Moving marieke forward

I am a collector by nature. It is difficult for me to walk anywhere in a direct fashion. I stop every few minutes and pick up leaves, seeds, trash that inspires art, items that will end up in the ocean if I don’t recycle them.

A friend made a comment the other day that she would expect my apartment to be more like that of a hoarder. She has walked between the Boott Cotton Mill Museum and the Visitor Center enough times to anticipate that there will be frequent pauses along the way.

I am well aware of my tendency to collect, so I try to keep it in check by periodically engaging in a collection catharsis. It helps to move on a regular basis, too. I recently calculated that I have moved seven times in the last two and a half year.

Thus, the purge continues at my apartment in Lowell. In an effort to reduce the vast quantity of unnecessary stuff in my life, I have moved from my clothing and book collection to my file cabinet. Scary stuff!

In the midst of this most recent cleansing ritual, I found a bright, orange folder with the words “le mouvement de marieke,” written in black ink on the subject tab.

This folder once held a series of documents with the title “Moving Marieke Forward” in bold, underlined letters. The documents were from a performance appraisal at a former job that didn’t go so well.

The experience represented by the folder reminds me of when students in a class all do poorly on a test. The teacher blames the students rather than wondering what they might have done to improve their own teaching skills.

Being particularly fond of words and language and with the benefit of time and distance to heal, I can now spend some time reflecting. I find these words fascinating and also worthy of attention in thinking about self-sustainability, which is the focus of my dissertation.

I think that from the beginning of my time on this planet, I have preferred to be in control of my own movement, even if my choices put the people around outside their own comfort zone.

In hindsight, I wonder if I translated those words I found so offensive into French in order to establish some small locus of control during a time when I felt I had very little. I also changed the sense of the phrase from an outside force pushing or forcing me forward outside of my own will to “the movement of marieke.” This was a time of growth. And as with some of the most meaningful, long lasting lessons, it was a painful time. In the spirit of purging, I had already recycled the documents the folder once held. This time, I recycled the folder, too.

I have noticed that I have begun to engage in two kinds of purging. The first is a traditional effort to rid tangible space of tangible items so I do not feel overrun and overwhelmed by material possessions.

The other form of purging is one of an intentional, spiritual nature. I dispose of those items that hold dark energy I do not want to have around as a visual or energy reminder. In this ritual, I make symbolic gestures to cleanse the space I physically inhabit, as well as a psychological and energy inner ‘scape, a space of mind and body.

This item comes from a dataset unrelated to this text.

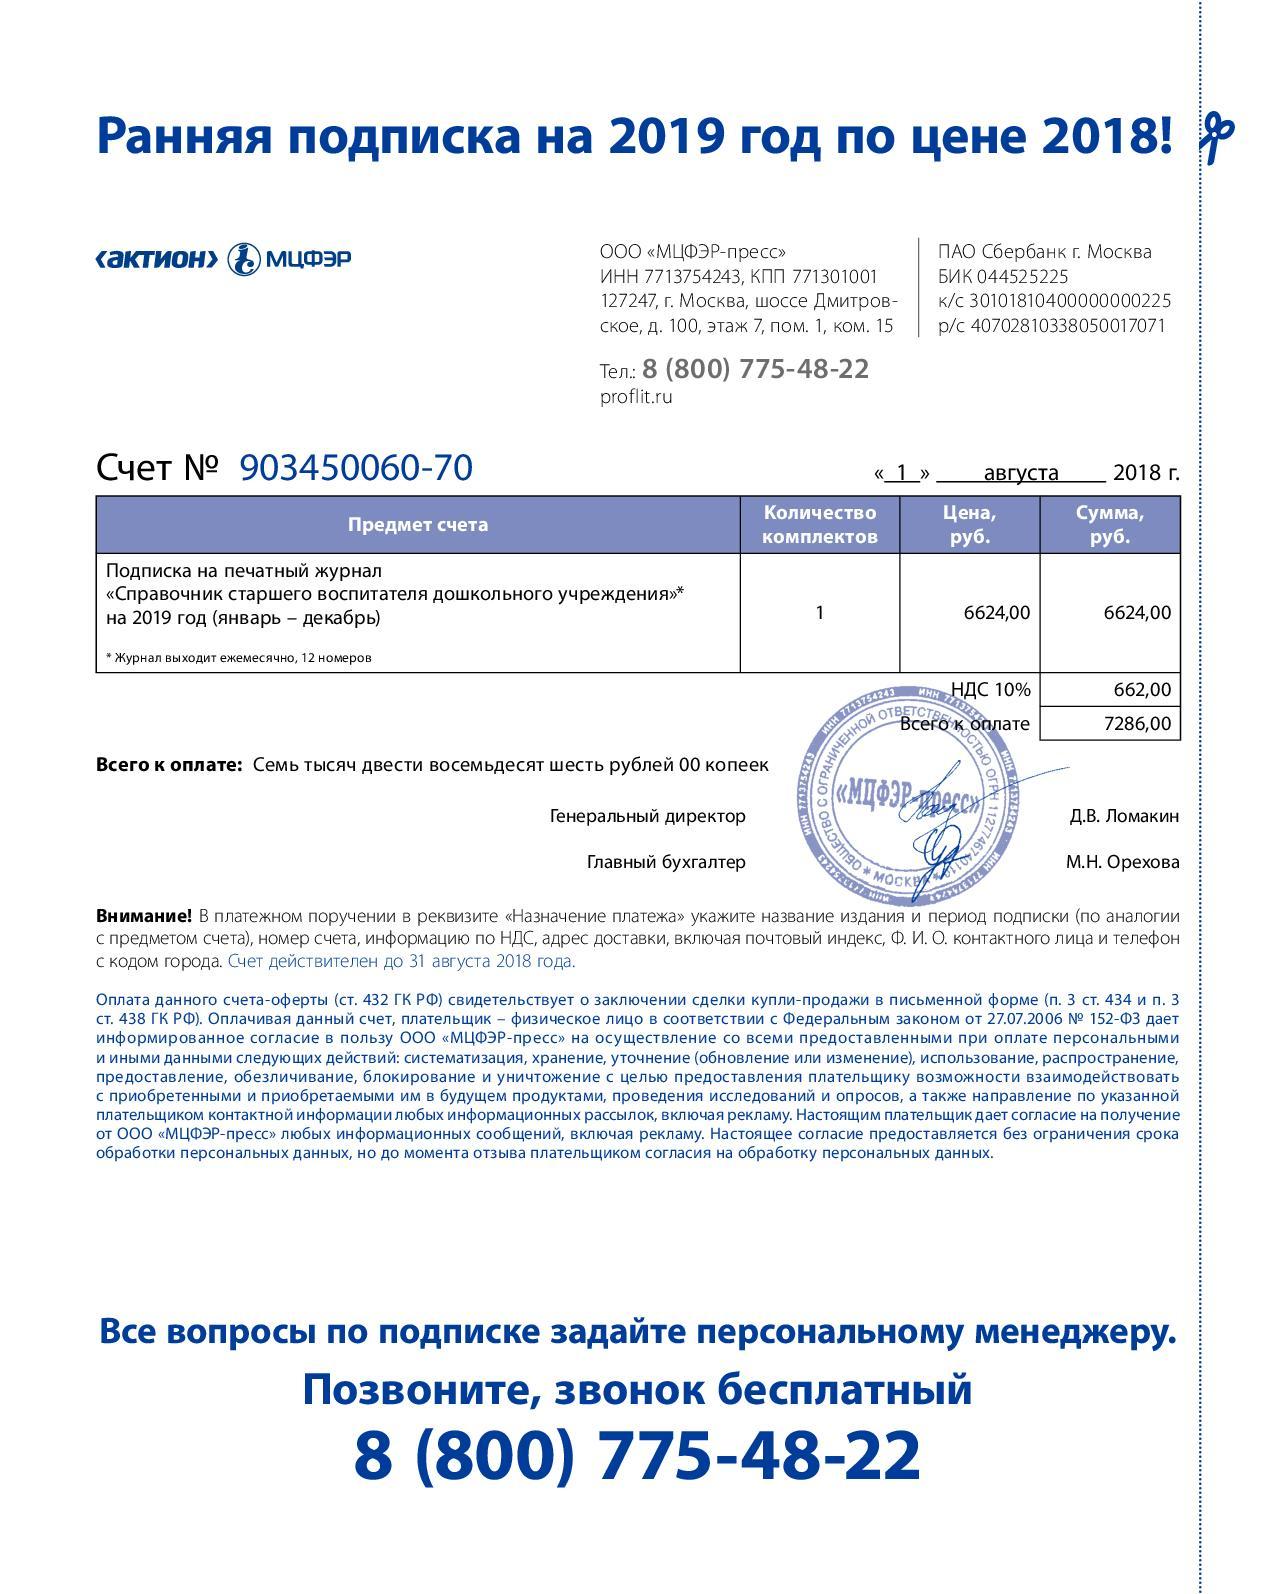 Медицинские справки для бассейна в Дмитрове с доставкой

Thus far been focused on smaller items. However, I am beginning to wonder if I need to attempt some form of energy work or Reiki on my vehicle. It has been victim to six freak incidents over the past year, from October 2011 through October 2012. It could be that the fairies had taken up residence in my material realm and this most recent hit during Hurricane Sandy was simply a last hurrah before they moved on October 31st.

I had thought strange events occurred in a series of three. If this is the case, I have now experience two sets of the strange three in connection with my poor, wee Prius. My neighbor recommended a Prius exorcism, but a close friend who has experience in this realm cautioned against a novice attempting to perform such work because there is risk of releasing the demon from my car and having it travel to the closest body—mine. I can’t say that this sounds enticing at all.

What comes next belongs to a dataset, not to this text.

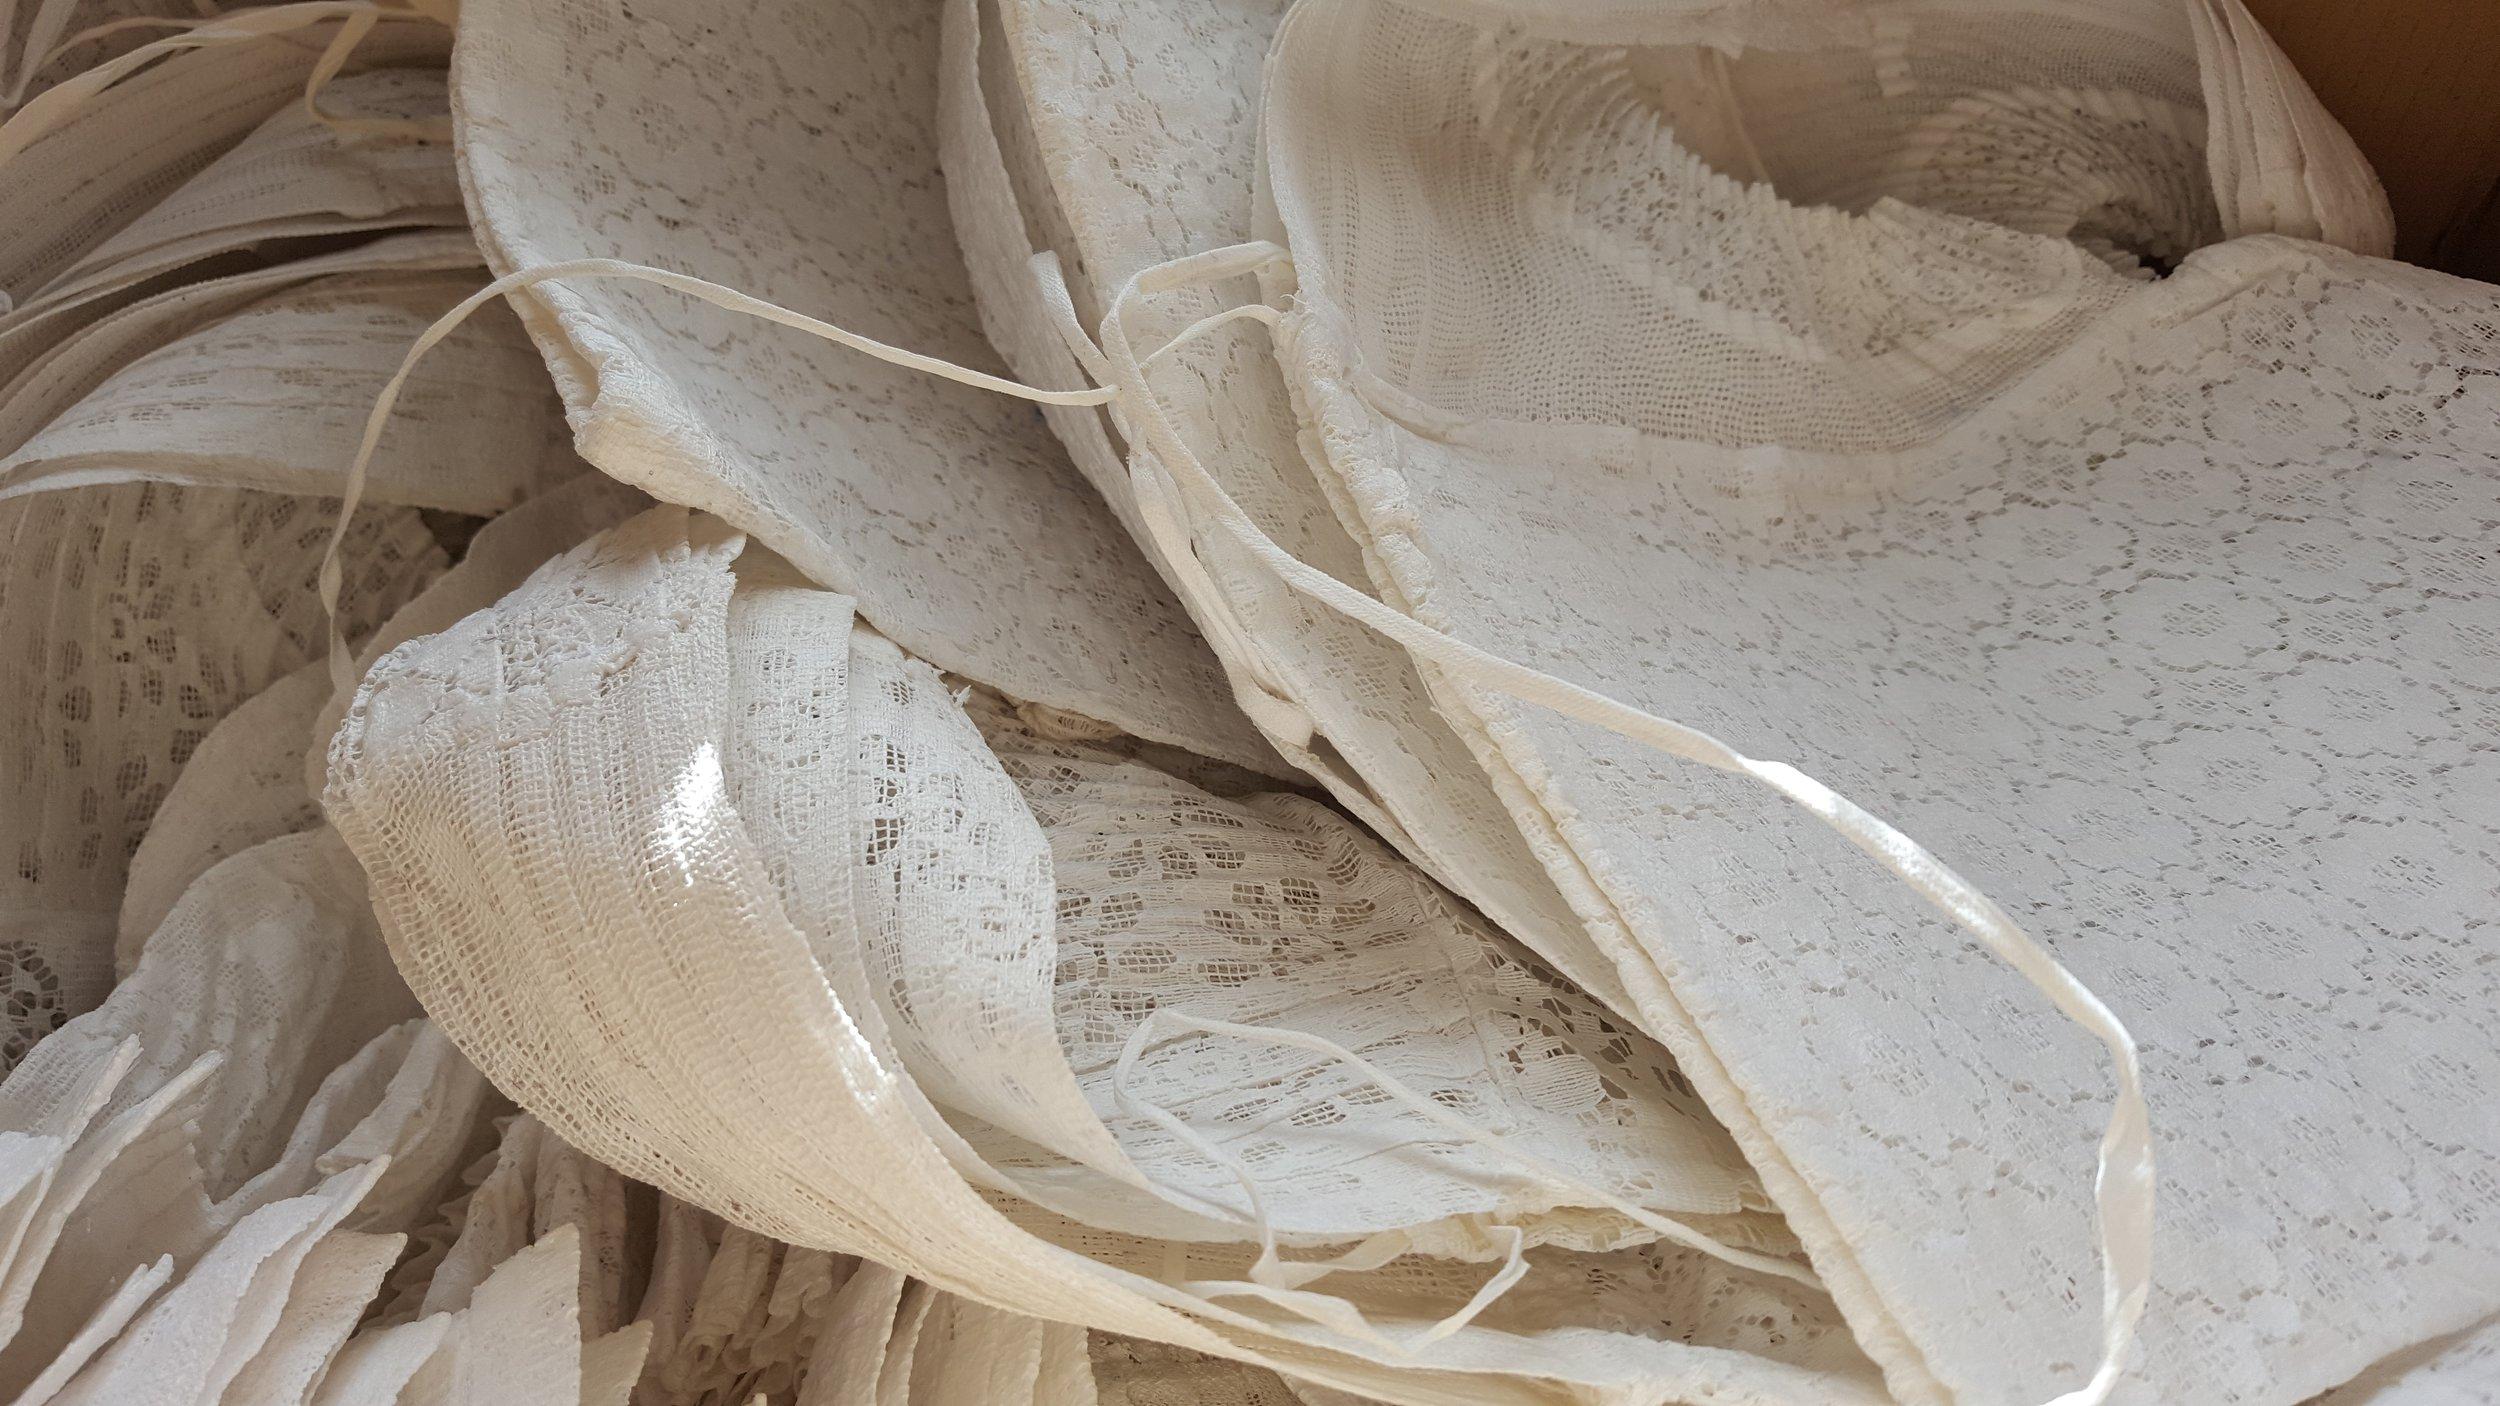 Onze Volendamse klederdracht is tot in de puntje verzorg en altijd schoon en fris

What to do? My poor car is suffering, as is my bank account.

I know this sounds really “woo woo,” but it is not like I am burning incense and cooking things in a cauldron on my stove. It is more the gesture and what it means for me to let these things go. It is an intentional act, and the behavior itself has meaning. By disposing of these items—forms, cards, pictures, trinkets, clothing—I am not forgetting the lessons I learned from painful times or interactions with people who had an abusive or negative influence on me. I am just expressing a need to be free, to let that energy out of prison and relinquish my role as prison guard. It is my own marieke version of energy work a purging of the tangible and intangible relics of my life.

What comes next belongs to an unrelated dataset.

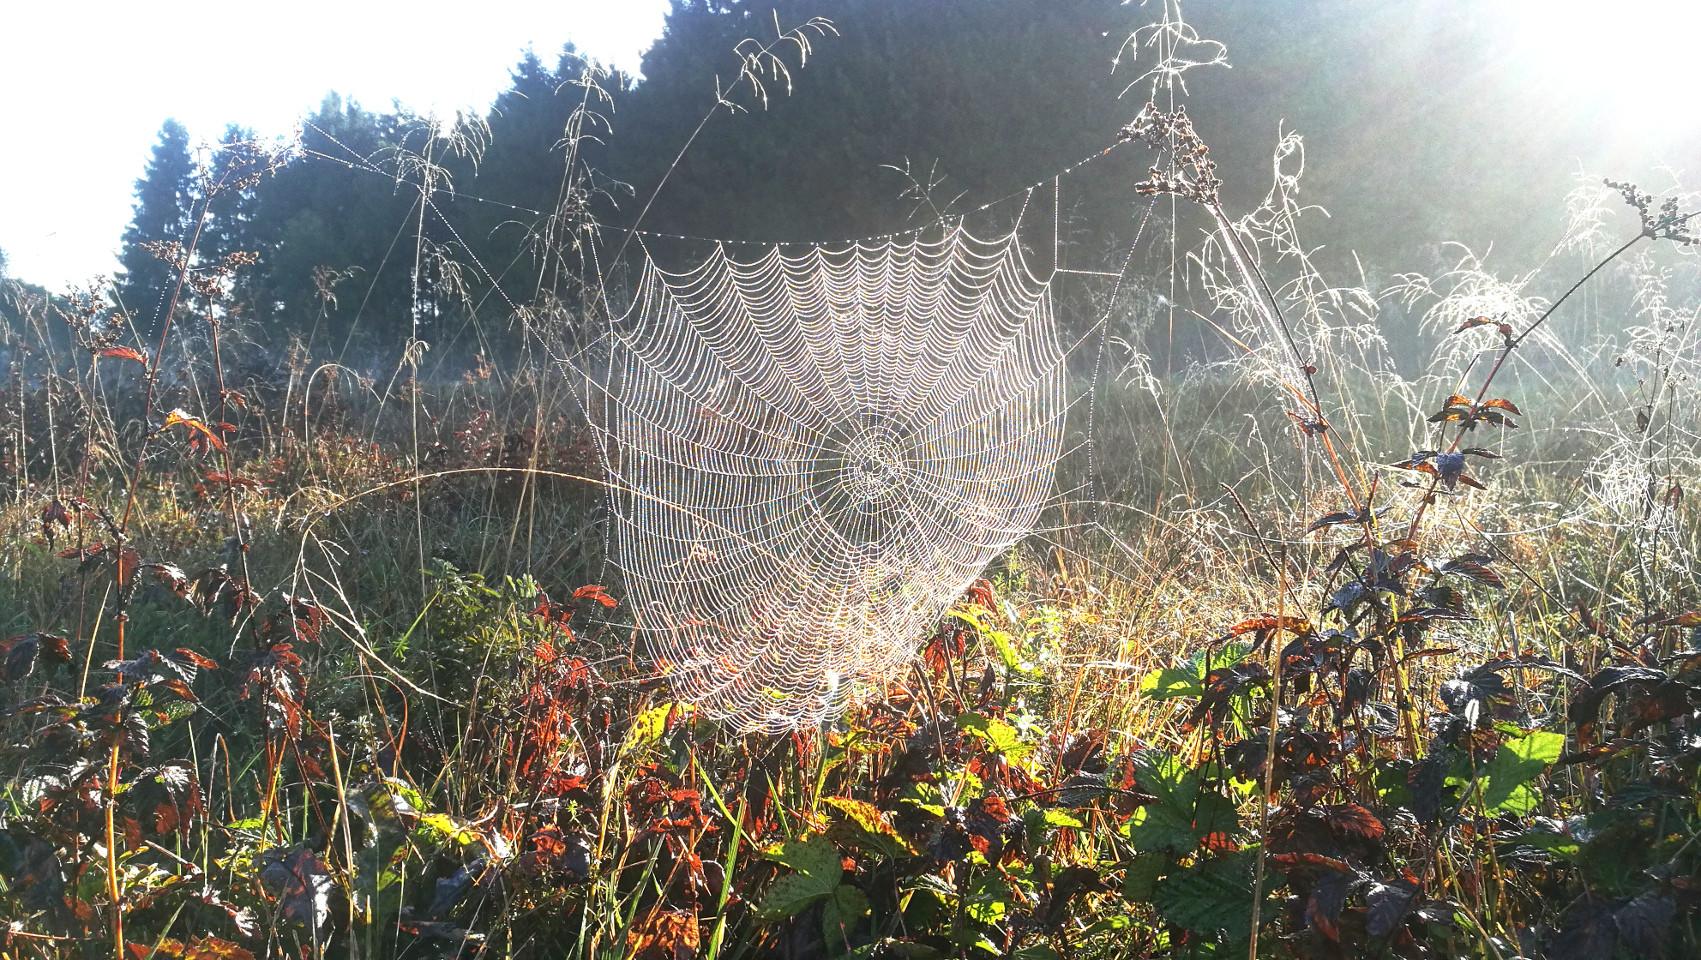 Spiderchen.jpg

To the untrained eye, it may seem like insignificant “spring cleaning,” but it is a statement that I am in control of my spiritual destiny. What I have been learning over the past several years in the Prescott PhD program is that despite many times when I have felt that I have little control, I always have control over the path I follow and the way I engage and respond to difficult events in my life. And I have the ability to choose whether to stay or go.